These logs tells us, rcu_preempt thread is in RUNNING state, however,
the thread is not scheduled for long. So, can you please check the
activity (scheduler traces, runqueue) on the CPU where rcu_preempt
kthread is running (->cpu=1 in this case) , to see why rcu_preempt
is starved of CPU cycles?
Thanks
Neeraj
On 9/1/2021 6:33 AM, Zhouyi Zhou wrote:
> Hi,
>
> I perform following two new rounds of experiments:
>
>
> Test environment (x86_64 debian10 virtual machine: kvm -cpu host -smp
> 8 -hda ./debian10.qcow2 -m 4096 -net
> user,hostfwd=tcp::5556-:22,hostfwd=tcp::5555-:19 -net nic,model=e1000
> -vnc :30)
>
> 1. CONFIG_RCU_BOOST=y
> 1.1 as root, run #stress-ng --sequential 100 --class scheduler -t 5m --times
> 1.2 as regular user at the same time, run $stress-ng --sequential 100
> --class scheduler -t 5m --times
>
> System begin OOM kill after 6 minutes:
> 31 19:41:12 debian kernel: [ 847.171884] task:kworker/1:0 state:D
> stack: 0 pid: 1634 ppid: 2 flag\
> s:0x00004000
> Aug 31 19:41:12 debian kernel: [ 847.171890] Workqueue: ipv6_addrconf
> addrconf_verify_work
> Aug 31 19:41:12 debian kernel: [ 847.171897] Call Trace:
> Aug 31 19:41:12 debian kernel: [ 847.171903] __schedule+0x368/0xa40
> Aug 31 19:41:12 debian kernel: [ 847.171915] schedule+0x44/0xe0
> Aug 31 19:41:12 debian kernel: [ 847.171921]
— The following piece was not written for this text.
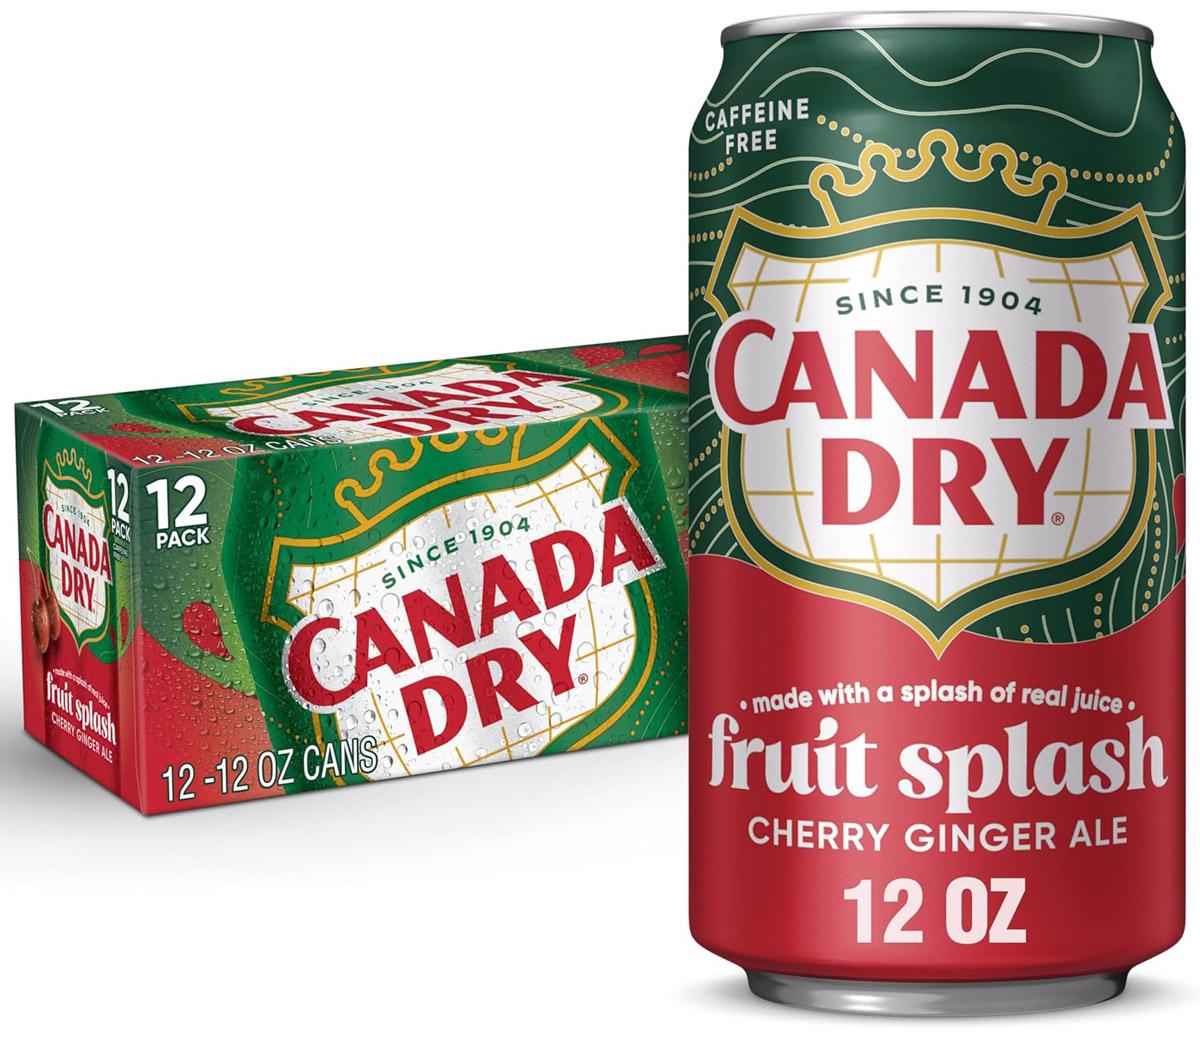 Canada Dry Cherry Gingerale Fruit Splash 36 Pack for $11.53

> schedule_preempt_disabled+0x14/0x20
> Aug 31 19:41:12 debian kernel: [ 847.171924] __mutex_lock+0x4b1/0xa10
> Aug 31 19:41:12 debian kernel: [ 847.171935] ? addrconf_verify_work+0xa/0x20
> Aug 31 19:41:12 debian kernel: [ 847.171948] ? addrconf_verify_work+0xa/0x20
> Aug 31 19:41:12 debian kernel: [ 847.171951] addrconf_verify_work+0xa/0x20
> Aug 31 19:41:12 debian kernel: [ 847.171955] process_one_work+0x1fa/0x5b0
> Aug 31 19:41:12 debian kernel: [ 847.171967] worker_thread+0x64/0x3d0
> Aug 31 19:41:12 debian kernel: [ 847.171974] ? process_one_work+0x5b0/0x5b0
> Aug 31 19:41:12 debian kernel: [ 847.171978] kthread+0x131/0x180
> Aug 31 19:41:12 debian kernel: [ 847.171982] ? set_kthread_struct+0x40/0x40
> Aug 31 19:41:12 debian kernel: [ 847.171989] ret_from_fork+0x1f/0x30
> Aug 31 19:41:12 debian kernel: [ 847.176007]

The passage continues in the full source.